Field Purpose Example
Run ID Unique execution identifier run_a1b2c3d4
Workflow ID Which workflow was executed wf_lead_triage
Trigger What started the execution webhook: new_email from [email protected]
Node trace Ordered list of nodes executed [source, classify, route, update-crm]
AI inputs Full prompt sent to each AI node Complete prompt with all context
AI outputs Raw model response Full JSON response
Decisions Conditional evaluations and results intent=purchase, confidence=0.91 → fast-track
Actions taken External side effects Created Salesforce Lead: 00Q123
Duration Per-node and total execution time classify: 1.2s, total: 4.8s
Errors Any failures, retries, or fallbacks Enrichment API timeout, retried 2x

The AI inputs and outputs are the critical addition. Without them, you can see that a lead was routed to the fast-track queue, but you cannot explain why the AI classified it as a hot lead. With them, you can reconstruct the entire decision chain.

{
  "runId": "run_a1b2c3d4",
  "workflowId": "wf_lead_triage",
  "workspaceId": "workspace_abc",
  "trigger": {
    "type": "webhook",
    "source": "gmail",
    "metadata": { "from": "[email protected]", "subject": "Pricing for enterprise plan" }
  },
  "nodes": [
    {
      "nodeId": "classify",
      "type": "ai",
      "startedAt": "2026-02-15T10:30:01Z",
      "completedAt": "2026-02-15T10:30:02.2Z",
      "input": {
        "prompt": "Classify this email...",
        "context_tokens": 450
      },
      "output": {
        "intent": "purchase_inquiry",
        "confidence": 0.91,
        "reasoning": "Explicitly asks for enterprise pricing, mentions team size"
      },
      "model": "claude-sonnet-4-20250514",
      "tokens_used": { "input": 450, "output": 85 }
    },
    {
      "nodeId": "route",
      "type": "conditional",
      "evaluation": "intent == 'purchase_inquiry' AND confidence >= 0.9",
      "result": "fast-track",
      "skippedBranches": ["standard-nurture", "support-queue"]
    }
  ],
  "totalDuration": 4800,
  "status": "completed"
}
Key Takeaway

AI audit trails capture the why, not just the what.
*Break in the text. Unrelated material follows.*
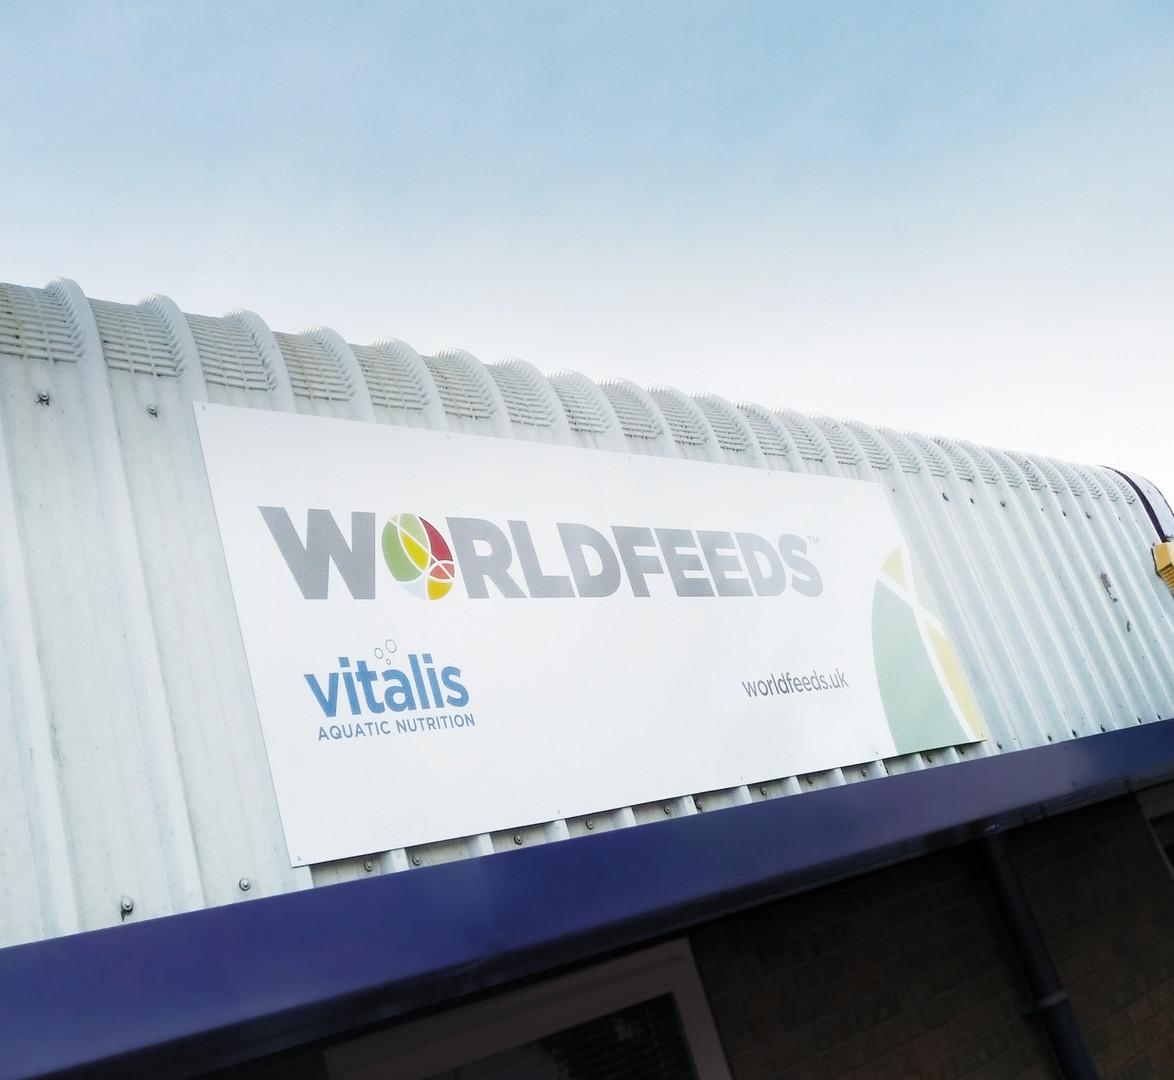 World-Feeds-Sign.jpg

Every AI decision must be traceable back to the exact prompt, context, and model output that produced it. Without this, you cannot debug incorrect classifications, satisfy compliance inquiries, or improve your workflows over time.

Schema Design for Scale

Audit records are write-heavy and query-occasional. Optimise the schema for fast writes with targeted query support.

Collection Structure

Separate the high-level run record from the detailed node traces:

// workflow_runs collection - one document per run
{
  _id: "run_a1b2c3d4",
  workflowId: "wf_lead_triage",
  status: "completed",
  startedAt: ISODate("2026-02-15T10:30:00Z"),
  completedAt: ISODate("2026-02-15T10:30:04.8Z"),
  trigger: { type: "webhook", source: "gmail" },
  summary: {
    nodesExecuted: 4,
    aiCallsMade: 1,
    actionsPerformed: ["salesforce.create_lead"],
    totalTokens: 535
  }
}

// workflow_node_runs collection - one document per node execution
{
  _id: "noderun_xyz789",
  runId: "run_a1b2c3d4",
  nodeId: "classify",
  type: "ai",
  startedAt: ISODate("2026-02-15T10:30:01Z"),
  completedAt: ISODate("2026-02-15T10:30:02.2Z"),
  input: { /* full prompt context */ },
  output: { /* full model response */ },
  metadata: { model: "claude-sonnet-4-20250514", tokens: { input: 450, output: 85 } }
}

This separation means querying run summaries (for dashboards and monitoring) doesn't require loading the full AI prompt and response data. When you need the detail for debugging, you query the node runs collection by run ID.

Indexing Strategy

Create indexes for the queries you will actually run:

// Run-level queries
db.workflow_runs.createIndex({ workflowId: 1, startedAt: -1 });  // Recent runs by workflow
db.workflow_runs.createIndex({ status: 1, startedAt: -1 });       // Failed runs
db.workflow_runs.createIndex({ "trigger.source": 1 });            // Runs by trigger source

// Node-level queries
db.workflow_node_runs.createIndex({ runId: 1 });                  // All nodes for a run
db.workflow_node_runs.createIndex({ type: 1, startedAt: -1 });    // AI nodes over time

Avoid indexing the full prompt or response text - those fields are large and rarely queried directly. If you need text search on AI outputs, use a separate search index or sampling-based analysis.

Write Throughput Patterns

A busy system might generate thousands of audit records per minute. Two patterns keep writes fast:

Batched Writes

Instead of writing each node completion individually, buffer node results and write the complete run record in a single operation:

class AuditBuffer {
  constructor(runId) {
    this.runId = runId;
    this.nodes = [];
  }

  recordNode(nodeId, data) {
    this.nodes.push({ nodeId, ...data, timestamp: new Date() });
  }

  async flush(wsDb) {
    // Single write for the complete run
    await wsDb.collection('workflow_runs').updateOne(
      { _id: this.runId },
      { $set: { nodes: this.nodes, completedAt: new Date(), status: 'completed' } }
    );
  }
}

Async Write-Behind

For highest throughput, decouple audit writes from the workflow execution path. Push audit events to a queue and write them asynchronously:

[Workflow Engine] → [Redis Stream] → [Audit Writer] → [MongoDB]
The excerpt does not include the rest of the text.